The Ohio Board concluded that such conduct not only implicates its version of 8.4(c) that prohibits misrepresentation, but also may violate the rules that govern a lawyer’s fitness to practice law and fundamental obligations of integrity, trustworthiness, fairness to others, and respect for the rights of others.
Let’s see if the Florida Supreme Court agrees…
Amendment to the Confidentiality Rule for Limited Negative Online Review Response
Lawyers are often frustrated (and sometimes get in trouble) when attempting to respond to clients’ negative online reviews. The duty of confidentiality prohibits lawyers from revealing any client information regardless of what the client may say about the lawyer. (Lawyer can reveal confidential information if a client files suit against the lawyer, but the internet is not considered to be a tribunal in the context of the confidentiality rules.)
The proposed amendment allows a lawyer to respond to specific allegations written on the internet by former client suggests that the lawyer has engaged in criminal conduct.

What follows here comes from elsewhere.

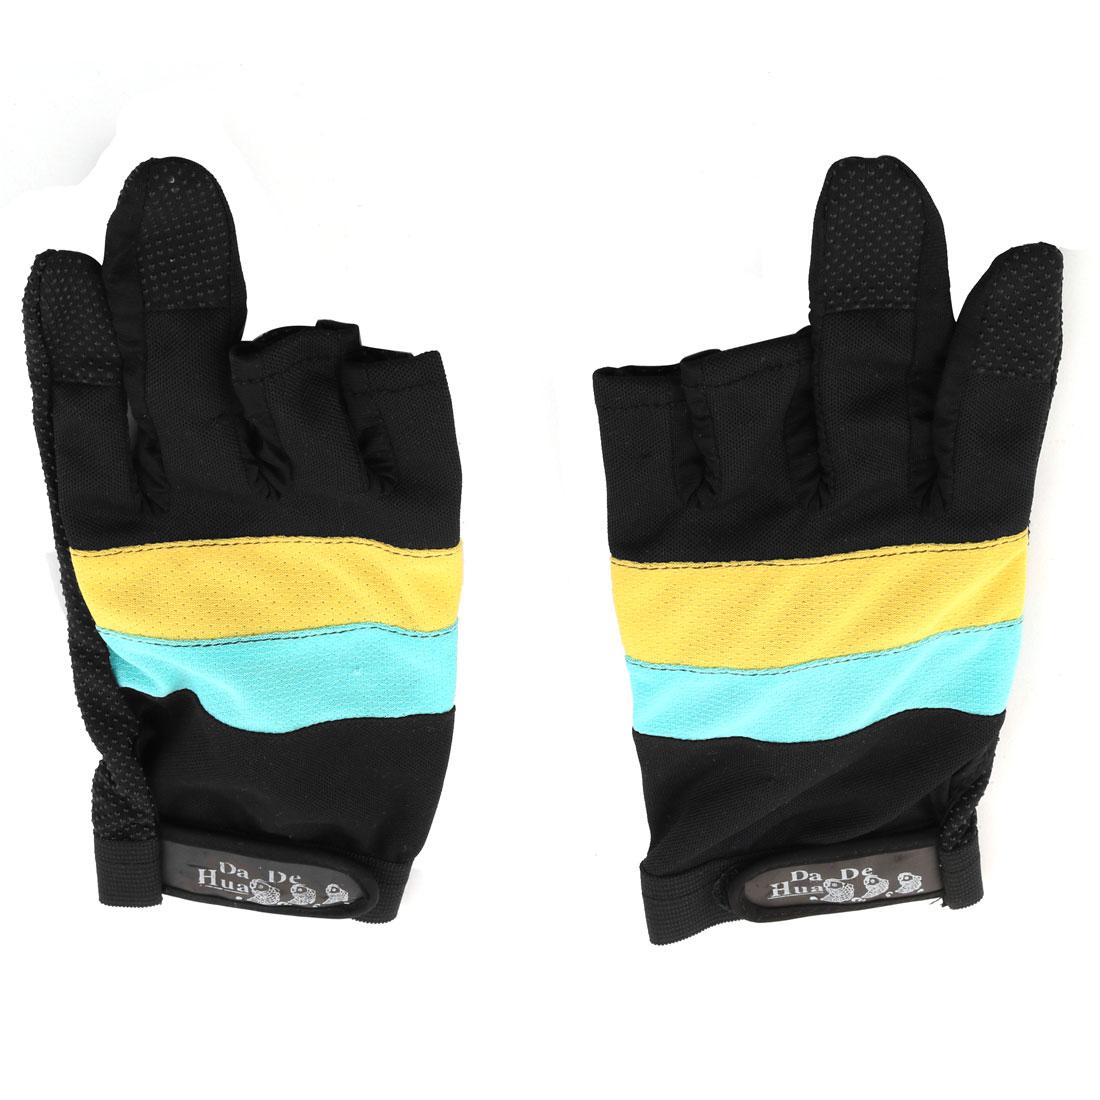 Fishing Rubber 3 Fingers Cut Elastic Wrist Band Nonslip Palm Gloves Black Pair
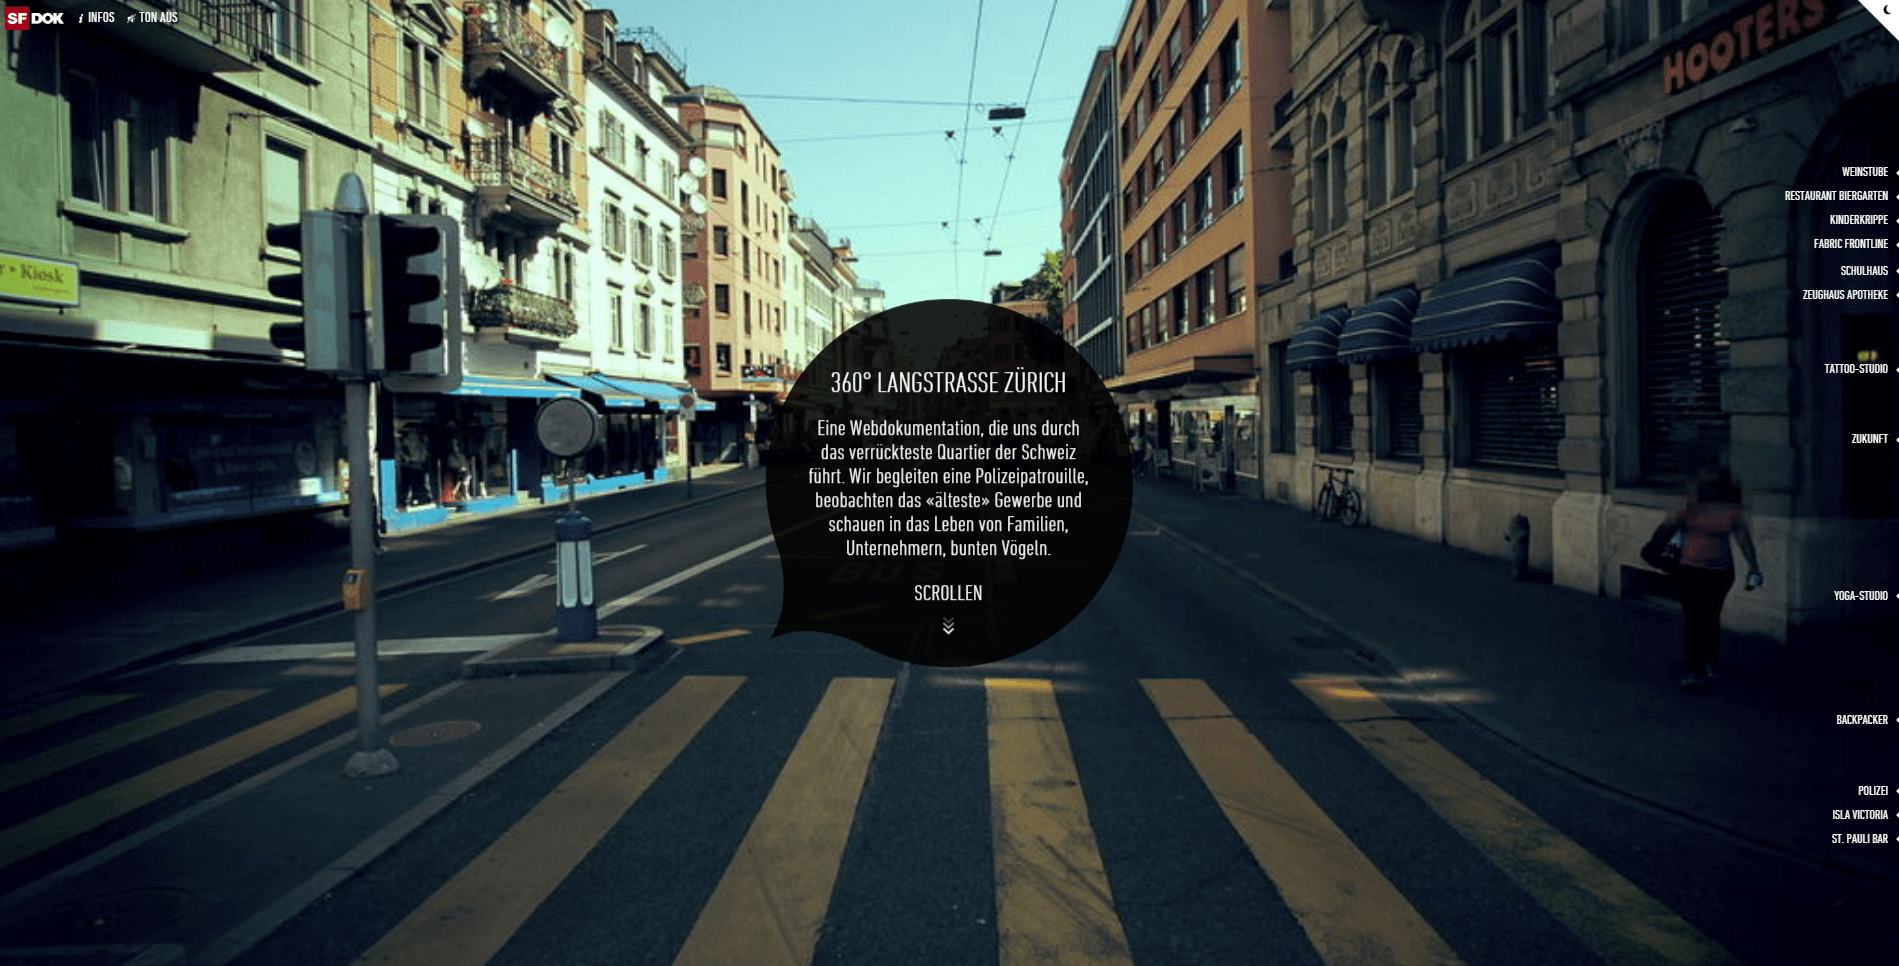 Site 360° LANGSTRASSE ZÜRICH - 9 Sites incríveis para você se inspirar

The proposed amendment and proposed to new comment to Rule 4-1.6 Confidentiality reads as follows:
(c) When Lawyer May Reveal Information. A lawyer may reveal confidential information to the extent the lawyer reasonably believes necessary to:
(7) respond to specific allegations published via the internet by a former client (e.g., a negative online review) that the lawyer has engaged in criminal conduct punishable by law.
The new proposed comment:
Subdivision (c)(7) allows a lawyer to respond to specific allegations published via the internet by a former client (e.g., a negative online review) that the lawyer has engaged in criminal conduct punishable by law. However, under subdivision (f), even when the lawyer is operating within the scope of the (c)(7) exception, disclosure must be no greater than the lawyer reasonably believes necessary to refute the specific allegations.
The amendment was unanimously approved by both The Florida Bar’s Professional Ethics Committee and the Board of Governors Review Committee on Professional Ethics. Next stop, approval by the Board of Governors and then on to the Florida Supreme Court.